Denken in alternativen Zukünften

Szenarien, inderdisziplinär erarbeitet, können aussagekräftige Modelle liefern

Wissenschaft, Wirtschaft und Politik
müssen sich den komplexen Phänomenen, die mit den gewaltigen gesellschaftlichen
und staatlichen Umbrüchen unserer Zeit einhergehen, analytisch stellen. Eine
Methode, das zu tun, ist die interdisziplinäre Szenarien-Technik. Mit ihrer
Hilfe lässt sich die Pluralität möglicher Zukünfte „neu denken“.

Der Economist formulierte 1930 folgenden wunderbaren Gedankengang: „Die vordringlichste Schwierigkeit unserer Generation … ist es, dass unsere Leistungen auf der ökonomischen Ebene unseren Fortschritt auf der politischen Ebene in einem solchen Maße überholt haben, dass unsere Ökonomie und unsere Politik ständig und weit auseinander fallen. Auf der ökonomischen Ebene ist die Welt inzwischen zu einer einzigen, alles umfassenden Einheit des Handelns geworden. Auf der politischen Ebene ist sie nicht nur noch immer in … Nationalstaaten aufgeteilt, sondern die nationalen Einheiten sind stetig kleiner geworden, und das Nationalbewusstsein ist noch angewachsen.“1

Nun wurde durch die Gründung unterschiedlicher internationaler politischer Institutionen dieser Zustand nach dem Zweiten Weltkrieg relativiert. Die Politik operiert verstärkt in vielfältigen internationalen Kontexten und bezieht unterschiedliche Standpunkte und Anschauungen in ihre jeweiligen Überlegungen ein. Gerade unter diesen Bedingungen scheint es mehr als ambivalent, die Entwicklung der eigenen Herangehensweise als „Sachzwang“ und als alternativlos zu beschreiben. Solche Aussagen provozieren vermehrte Unsicherheit. Auf der einen Seite wird ein „Denken in Varianten und Alternativen“ notwendig, auf der anderen Seite wird das eigene politische Handeln als scheinbar alternativlos beschrieben. Eine paradoxe Situation, die noch dadurch verstärkt wird, dass die Leistungen auf der „ökonomischen Ebene“ im Angesicht der Herausforderungen, die sich aus dem Klimawandel und den ökologischen Problemstellungen ergeben, selbst auf dem Prüfstand der Nachhaltigkeit stehen.

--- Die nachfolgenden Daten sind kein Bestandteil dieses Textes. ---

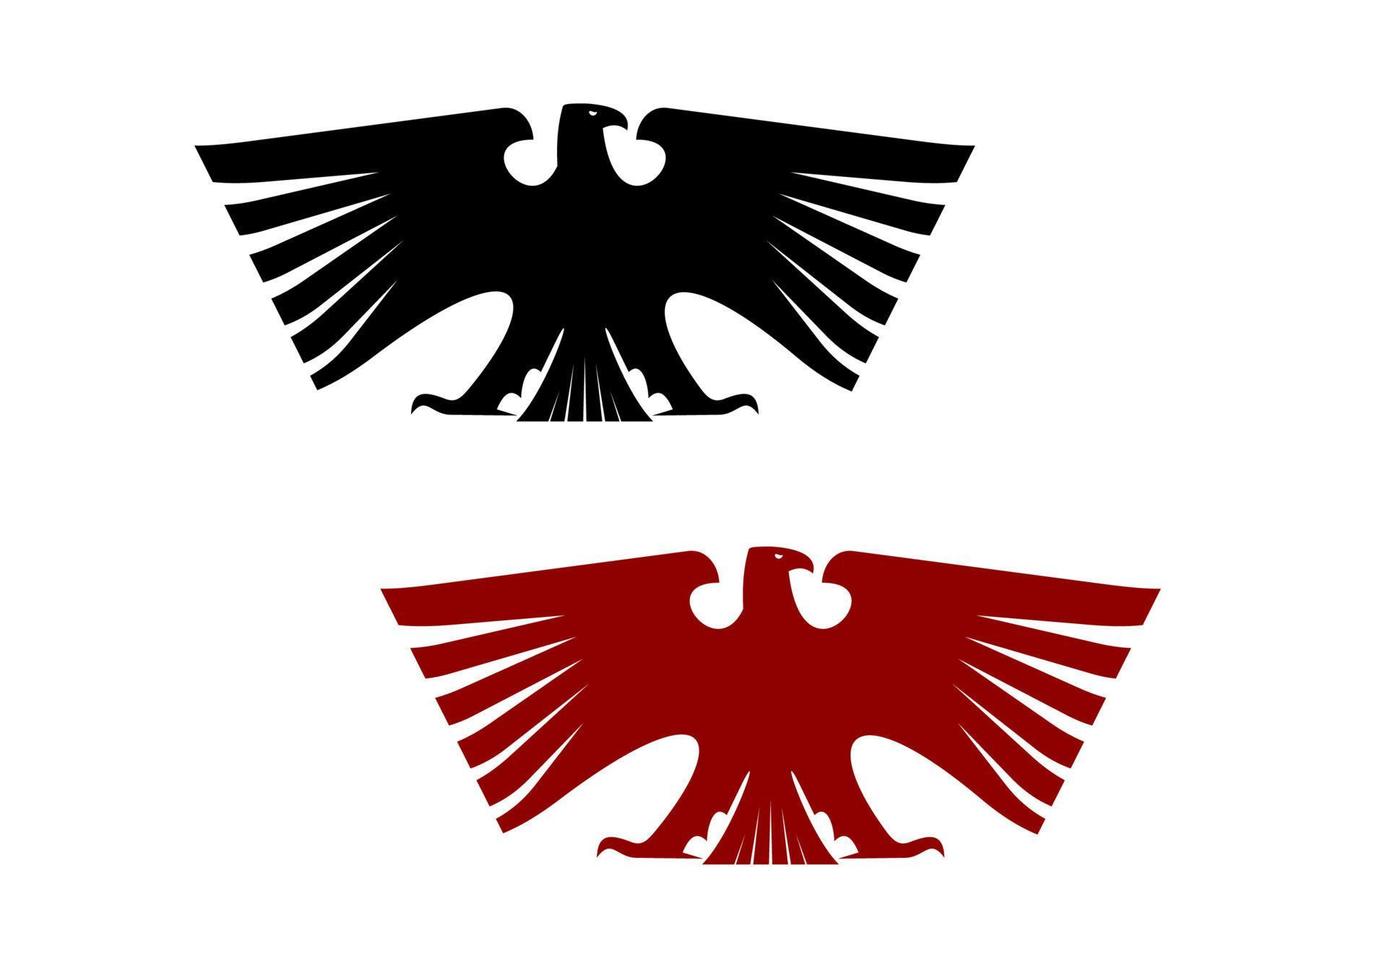 águia heráldica imperial com asas abertas vetor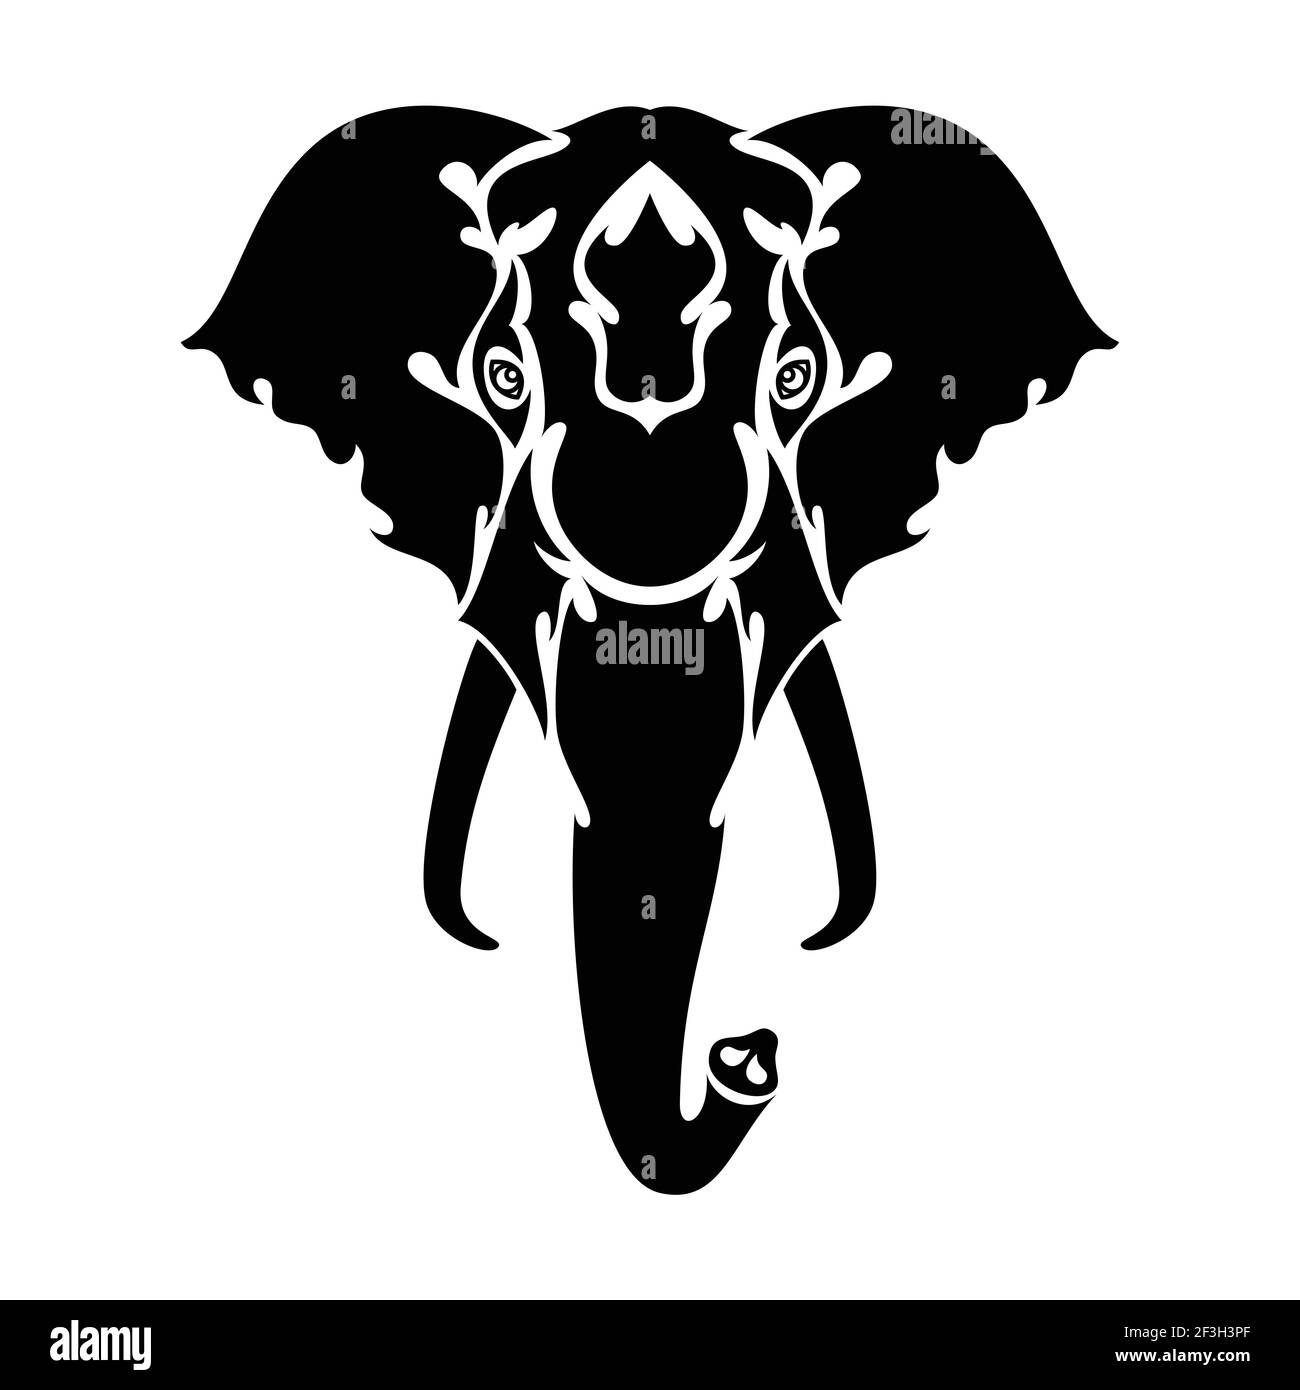 Handgezeichnetes abstraktes Porträt eines Elefanten für Tattoo, Logo, Wanddekor, T-Shirt-Print-Design oder outwear. Vektor-stilisierte Illustration Stock Vektor

Vor diesem Hintergrund stellen sich die Fragen: Was kann in der gegenwärtigen Zeit als gesichert gelten? Was sollte neu durchdacht und gelernt werden? Sind die überkommenen Bilder, theoretischen Konstrukte und Begriffe überhaupt hinreichend, um diese Veränderungen zu beschreiben? Sind die Wissenschaften nicht im viel stärkeren Maße gefordert, diese theoretische Arbeit über die „Hoheit der Begriffe“ zu verstärken? Es gilt also der Gedanke von Joseph Beuys, dass „vor der Frage: Was können wir tun? ... der Frage nachgegangen werden (muss): Wie müssen wir denken?“.

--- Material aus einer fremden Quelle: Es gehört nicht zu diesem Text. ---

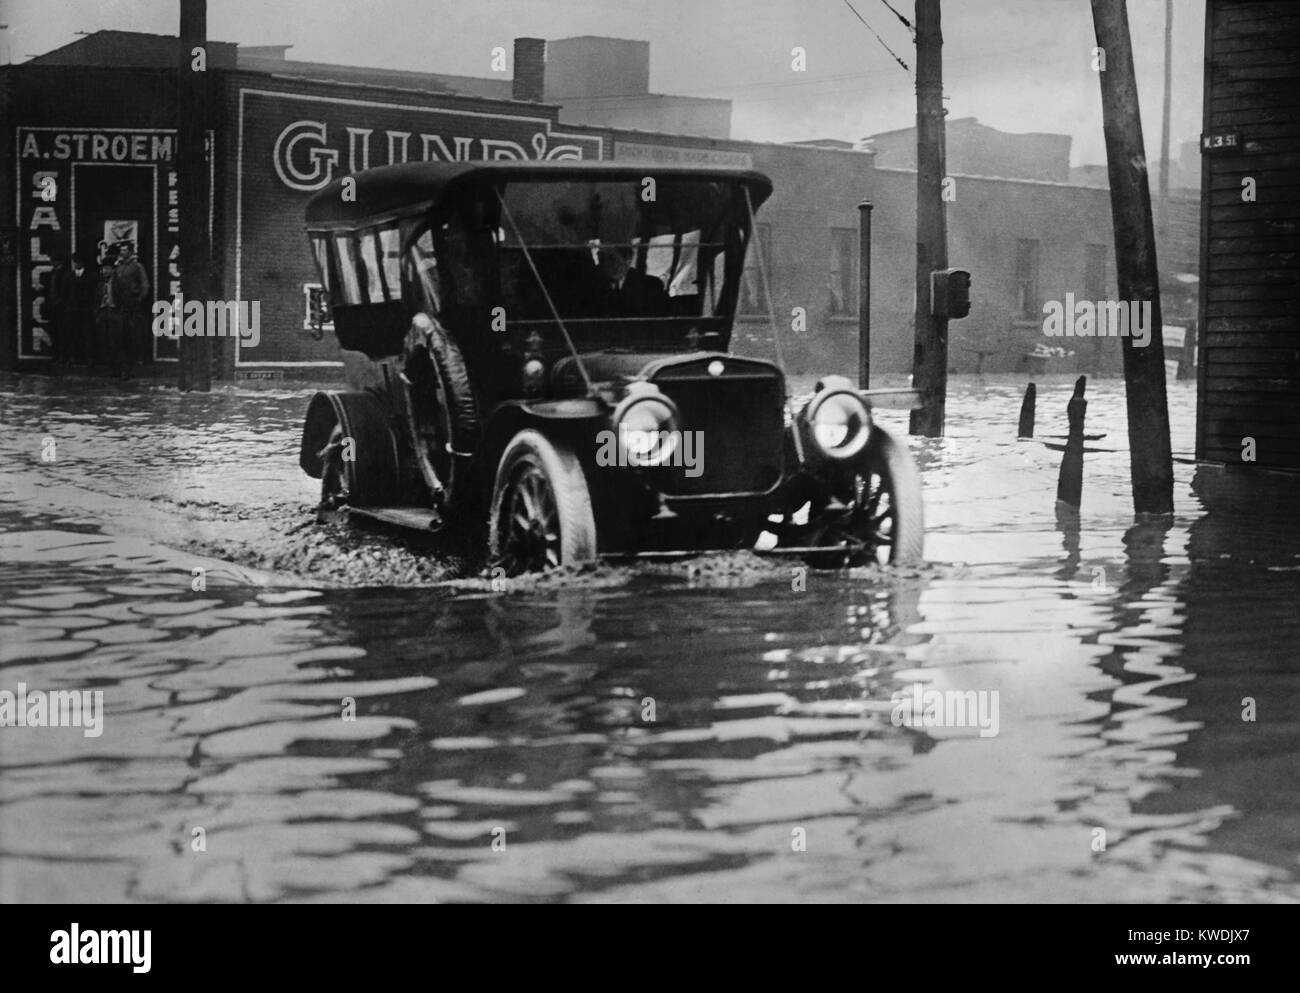 Ein Automobil fährt durch Axel hoch Wasser auf einem überfluteten Cleveland Street, wahrscheinlich im Jahr 1913. Die frühe Autos wurden mit hohen Abstände die rauen Straßen der Zeit zu navigieren. Die grosse Flut von 1913 war Ohios größte Wetter Katastrophe des frühen 20. Jahrhunderts (BSLOC 2017 17 95) Stockfoto

Entfaltung komplexer Phänomenwelten

Sich diesen Fragen zu nähern bedeutet, die Umfelder des eigenen Gegenstands und Handelns zu bestimmen. Große politische Institutionen haben dabei sicherlich andere Schwerpunkte in den Blick zu nehmen als wirtschaftliche Organisationen. Trotzdem müssen sich beide den neuen komplexen Phänomenen analytisch stellen und ihre jeweiligen Schlussfolgerungen ziehen.

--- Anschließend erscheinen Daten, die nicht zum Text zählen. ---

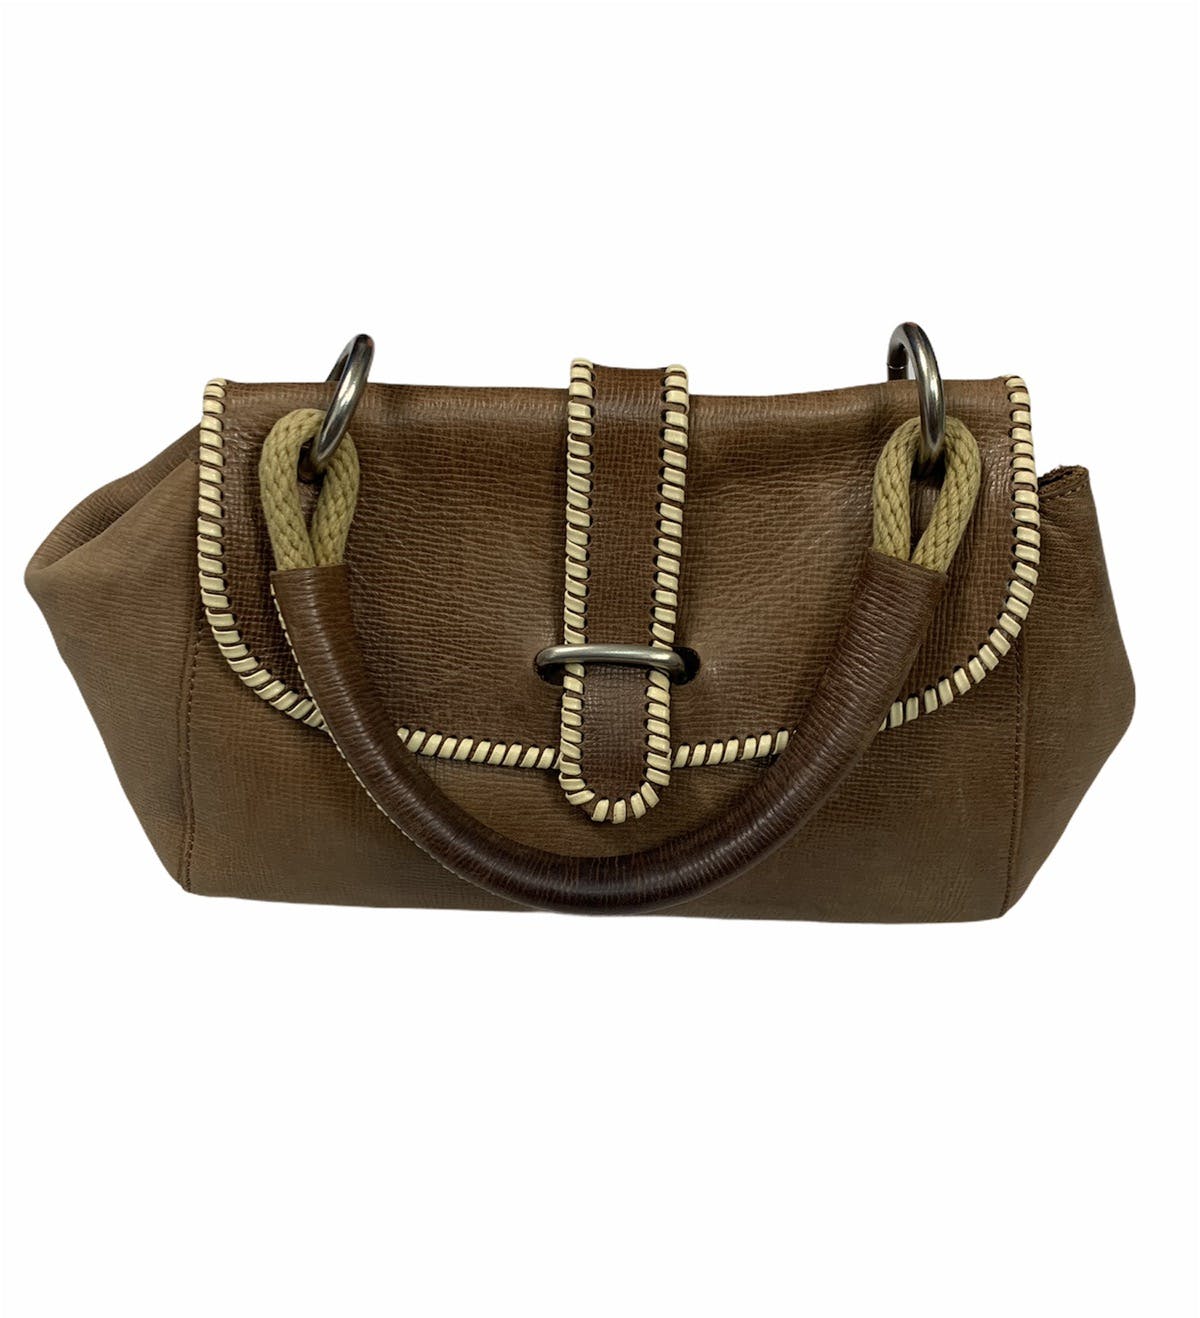 Marni leather handbag - 6

Da sind erstens die gewaltigen Umbrüche im innergesellschaftlichen und staatlichen Rahmen seit 1989 zu benennen, die mit Umbrüchen in der internationalen Welt in Wechselwirkungen treten und mit dem allgemeinen Begriff der „Globalisierung“ kaum ausreichend zu beschreiben sind. Der Begriff „Globalisierung“ im Singular verdeckt sogar die Konflikte in diesen Umbrüchen. Die angelsächsische Strategie von Globalisierung, wie sie sich seit dem Ende der achtziger Jahre herausgebildet hat, befindet sich schon längst in Auseinandersetzung mit industriepolitischen Strategien der Globalisierung, wie sie von vielen neuen globalen Staatsakteuren (China, Russland, Saudi-Arabien etc.) betrieben werden, und zunehmend auch mit Strategien der Renationalisierung (Venezuela, Bolivien). Welche Ergebnisse werden diese Konflikte bringen? Haben wir es hier wirklich mit einem Wettkampf zwischen verschiedenen Gesellschaften zu tun, bei dem es am Ende nur einen Sieger geben kann? Oder versperrt diese Perspektive nicht eher die Möglichkeiten, ein „Denken in Alternativen“ real voranzutreiben?

Es sind zweitens die Dynamiken in den Rohstoff- und Energiemärkten zu berücksichtigen, die in der europäischen Öffentlichkeit mit Sorge beobachtet werden; sie können eine substanzielle Wirkung auf die westliche Lebensweise und westliche Volkswirtschaften haben. Es besteht die Sorge, dass die gewohnten Spielregeln für den Zugang zu den Energieressourcen durch die Produzentenländer so verändert werden, dass die Stabilität auf der Seite der Konsumenten nicht in ausreichendem Maße gegeben ist. Zugleich verstärkt sich die Gewissheit, dass die Art der Nutzung fossiler Brennstoffe die klimatischen und ökologischen Probleme verschärft.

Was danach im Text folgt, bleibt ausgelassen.